Yes, and in most cases, Mark may have said this, but in most cases, we've got some of our technology involved in the performance contracts. And so you've got technology, you've got automation that we're working on, downhole automation. And it's really becoming much more of a trend. And we're seeing more adoption from customers. And so as you think about, you've heard us talk about auto slide and that technology. We've recently rolled out a new advanced auto driller We've got new failure prevention applications. We've got engine automation solutions to help with lowering emissions and improving fuel economy. So as I mentioned earlier, as you look at this from a shared savings perspective and a value creation, customers are more and more willing to share in those savings, which enables us to increase our revenues and really get paid for of the value proposition or a portion of the value proposition that we're providing.
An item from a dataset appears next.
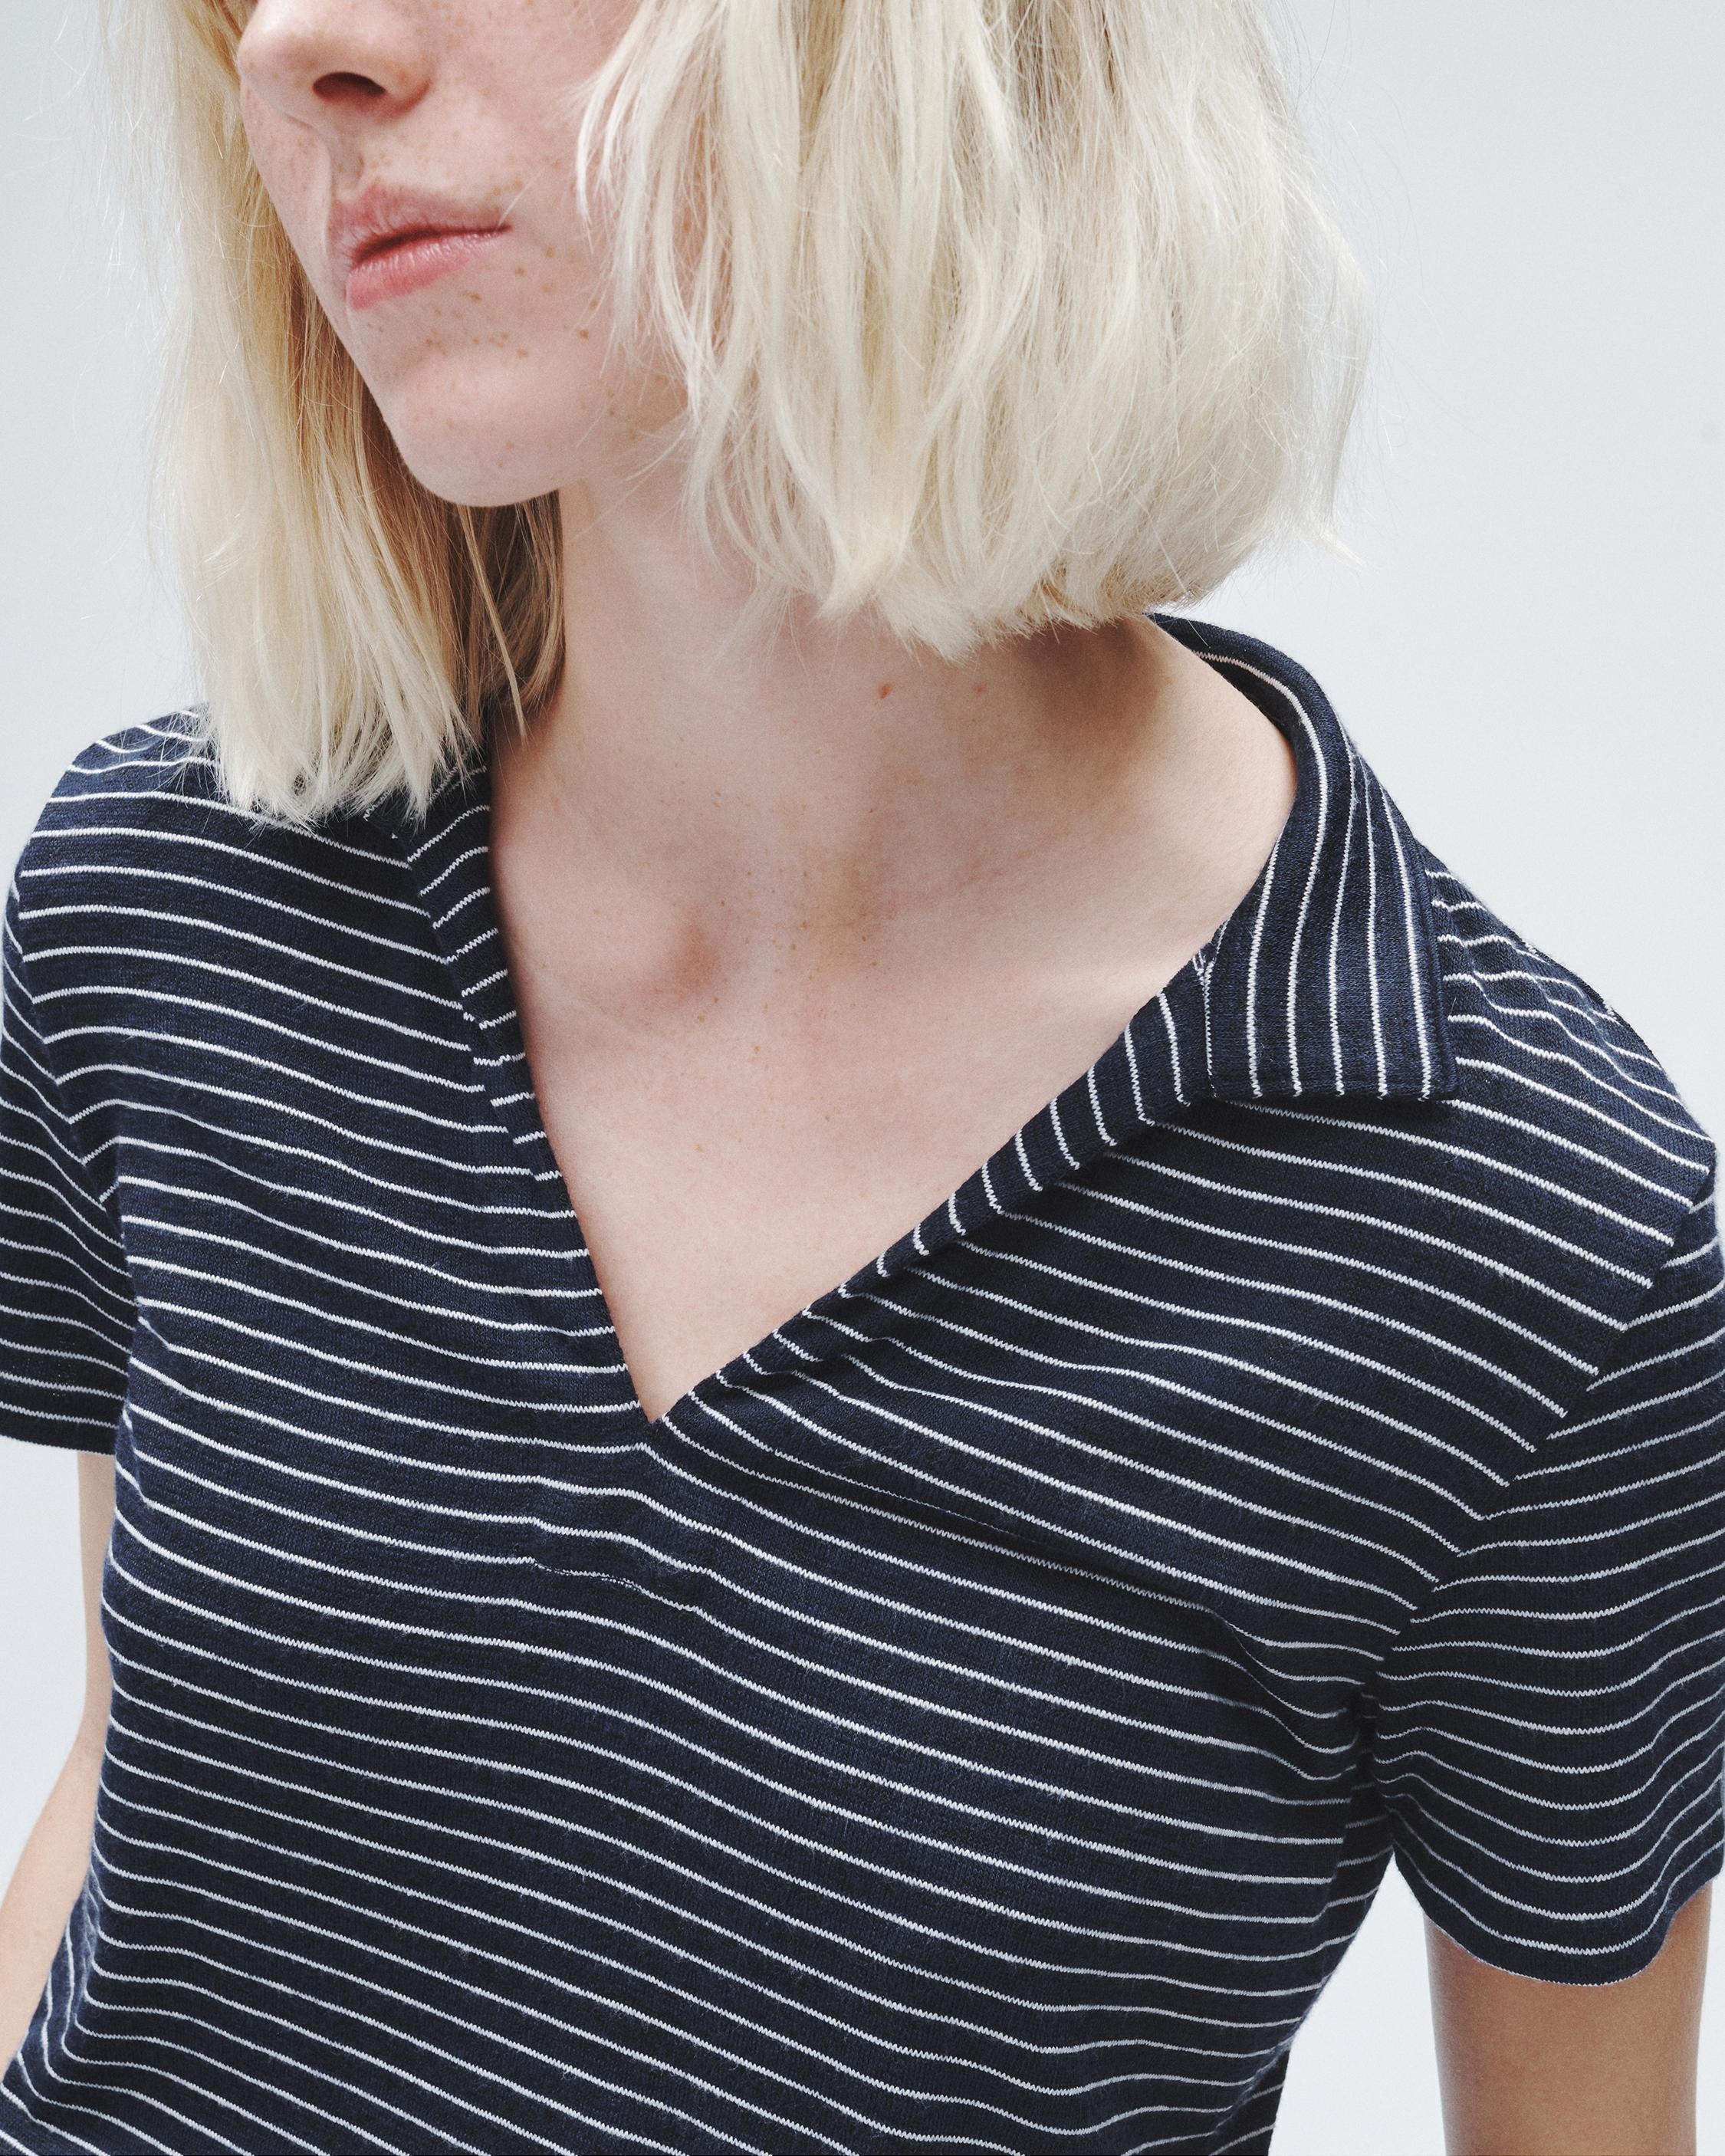 The Knit Striped Polo
Pima Cotton T-Shirt - 6

Got it. And that's a nice segue into what was already going to be my next question, which is, what's the current timeline for reaching the next level in rig automation? And just refresh us on what you consider that level to be, John, using you know, the Tesla five level full self-driving analogy. And then maybe could you share some color on specific technology initiatives you have for this year?
Well, if you think about because automation on a rig is you're covering a lot of ground. A big portion of our automation has been focused on you know, manually intensive, you know, type processes, you know, something that using directional drilling as an example where you've got somebody that's requiring, you know, a person 24-7 and being able to automate that and apply algorithms to that has delivered a lot. But there's, you know, all sorts of other things that are, are little automation pieces that are helping the driller, helping the customer do more with less and be more reliable, and not requiring a human to have to pay attention to it, like I said, 24-7. There are automation things that we're working on related to work around the rotary table. you know, lowering exposures related to making connections. There's things like that that we're working on. I mean, this is a very, very long conversation to cover it all. But as far as pushing a button and the rig drilling the next well, we're probably not at that point. Although, auto slide, you push a button and you drill the next stand. But we're a long way from a fully autonomous rig.
Got it. I appreciate that, Collar. I'll let you guys wrap it up.
All right. Thank you, Thomas.
Thank you. I would now like to turn the call back to John for any closing remarks.
All right. Thank you, Nikki. Thanks to everybody for joining us today. I know there's a lot of earnings calls going on this week, so we appreciate your time. We spend a lot of time as a management team looking at pricing dynamics, the sales force looking at pricing dynamics. We're holding the line on capital discipline. We're not chasing market share. We believe that it's crucial to creating a healthy and sustainable company over the long term. Our focus is going to remain on top-tier performance, safety, and reliability, and we're going to continue to focus on improving our margins and returns on capital. So thank you again for joining us today and have a great day.